Основы человечности для чайников
Шрифт:
Людвиг не был уверен, потому что закрыл глаза (да и после таких затрат магии зрение всё равно сбоило и показывало мутную темноту), но что-то влажное по коже потекло.
А потом лапы, давящие на грудь, превратились в мужские ладони, и знакомый голос рявкнул:
— Так это ты, сука?
— Технически я — кобель, — устало поправил Людвиг. — Но вообще — да, я.
— На хрена?
— Не знаю. — Точнее, не успел ещё придумать. — Возможно, мне просто надоело быть хорошим мальчиком.
И очень не хотелось, чтобы другой хороший мальчик опять оказался под мостом. Или
Только в этот раз вряд ли кто-то полез бы его ловить.
Раньше Людвиг побаивался Рыбникова. Ну, по крайней мере опасался и заметно напрягался при нём, как и положено в присутствии вожака стаи.
А сейчас перестал. Совершенно безразлично стало.
Бывают такие моменты в жизни, когда многое становится безразлично.
Безразлично, когда орут, безразлично, когда бьют, безразлично, когда заталкивают в машину, куда-то везут, тащат волоком в подвал, швыряют в душную комнату без окон, защёлкивают тяжёлый тугой ошейник для блокировки второй ипостаси, а потом опять бьют, опять орут и пристают с дурацкими вопросами: «Кто тебе велел? Кто тебе заплатил? Почему ты это сделал?»

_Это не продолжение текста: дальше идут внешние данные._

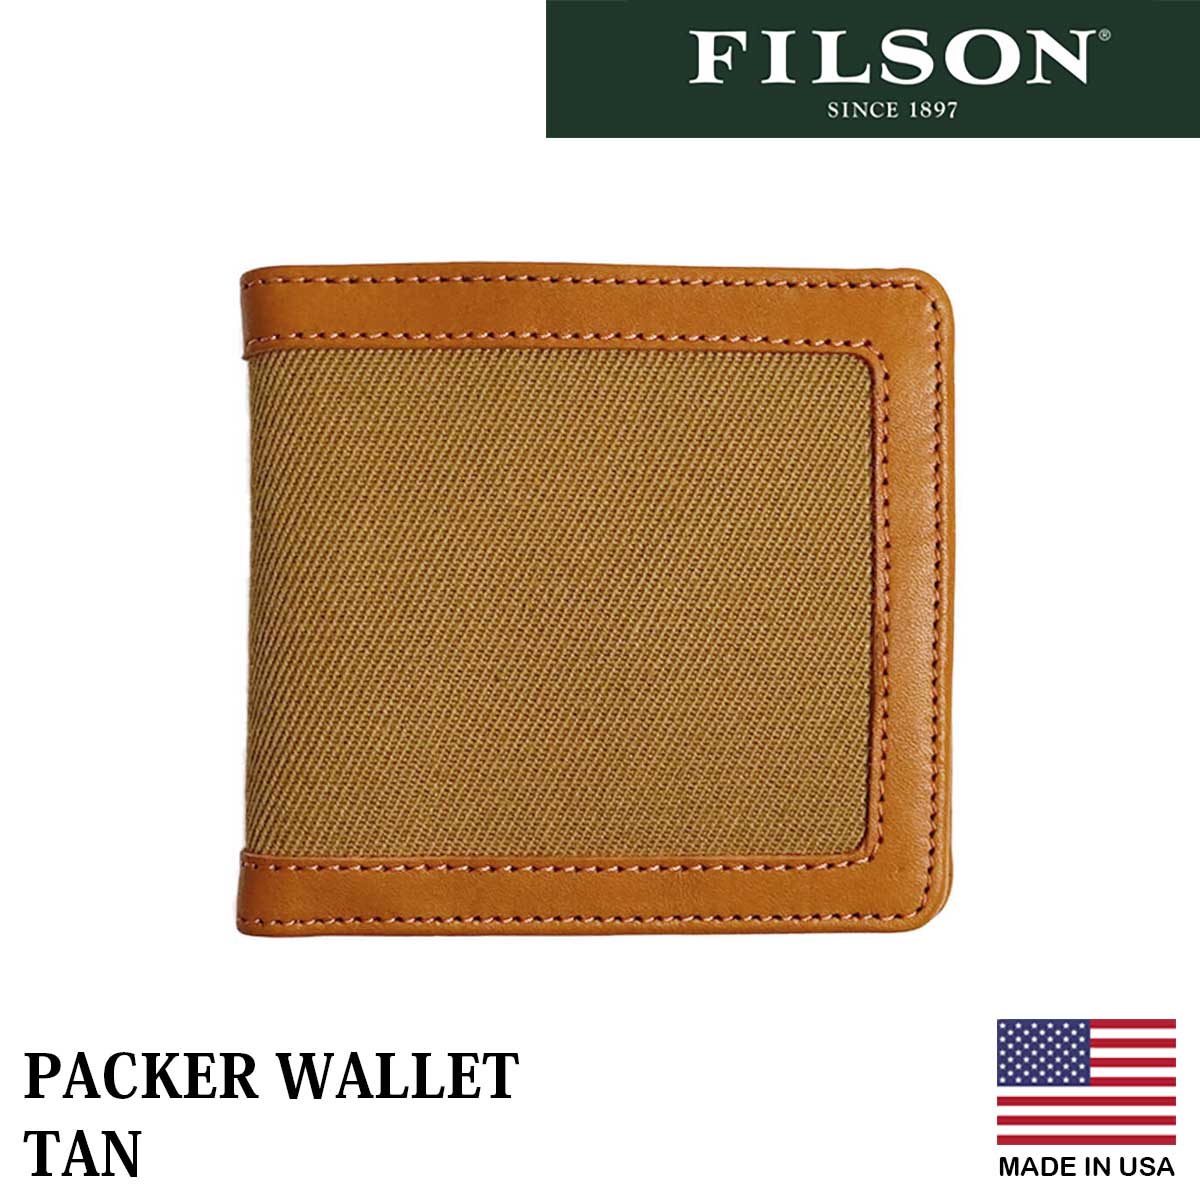 フィルソン FILSON パッカーウォレット 20187880 メンズ 財布 二つ折り レザー ツイル アメリカ製 米国製

Прежде чем давать ответы, хотелось бы узнать, что рассказал Тимур. Что он вообще успел увидеть и понять?
Но Тимур не приходил, только Рыбников и один из его сыновей. Должно быть, старший. Или просто самый жестокий. И молчаливый. На подколки и сарказм он не реагировал, на ругань не обижался, на вопросы не отвечал. Глухонемой, что ли?
Впрочем, тоже безразлично.
Нечто похожее на страх мелькнуло лишь однажды: когда Людвига швырнули животом на пол и наступили коленом на спину, мешая двигаться. Потом зачем-то дёрнули за правую руку и вытянули её вперёд.
Типичная поза Супермена, который летит спасать мир, — разве что плащ за спиной не развевается и трусы не поверх штанов.
Вырываться было бесполезно, Рыбников крепко сжимал запястье Людвига своей огромной лапищей и молчал настолько красноречиво, что сразу становилось понятно: за любое случайное движение кто-то расплатится сломанной рукой.
Хм, кто бы это мог быть?!
— Вы мне её отрубить решили? — спросил Людвиг. — Я, конечно, не знаток исторических тонкостей, но вроде бы руки раньше рубили за воровство, а не за массовое убийство.
Вместо ответа ему немедленно дали в ухо. Сзади. Тот самый условный глухонемой, который фиксировал спину и плечо. Видимо, всё-таки не глухой — услышал же как-то!
Зато сам Людвиг после удара несколько секунд не слышал вообще ничего, кроме звона в собственной голове. Не то чтобы там до этого царили тишина и покой, но сейчас стало особенно некомфортно. До тошноты.
— Молчу, молчу, — вздохнул он. Очень уж хотелось оставить последнее слово за собой. А то мало ли — вдруг это слово окажется совсем последним. В жизни.
Но нет, пронесло: дверь камеры (по-другому называть эту комнату не получалось даже мысленно) приоткрылась, и внутрь зашла милая тётенька, чем-то отдалённо похожая на фрау Вальд. Правда, у фрау Вальд не было ни одной татуировки, а у этой дамы рисунками были покрыты все руки, ноги и даже местами шея.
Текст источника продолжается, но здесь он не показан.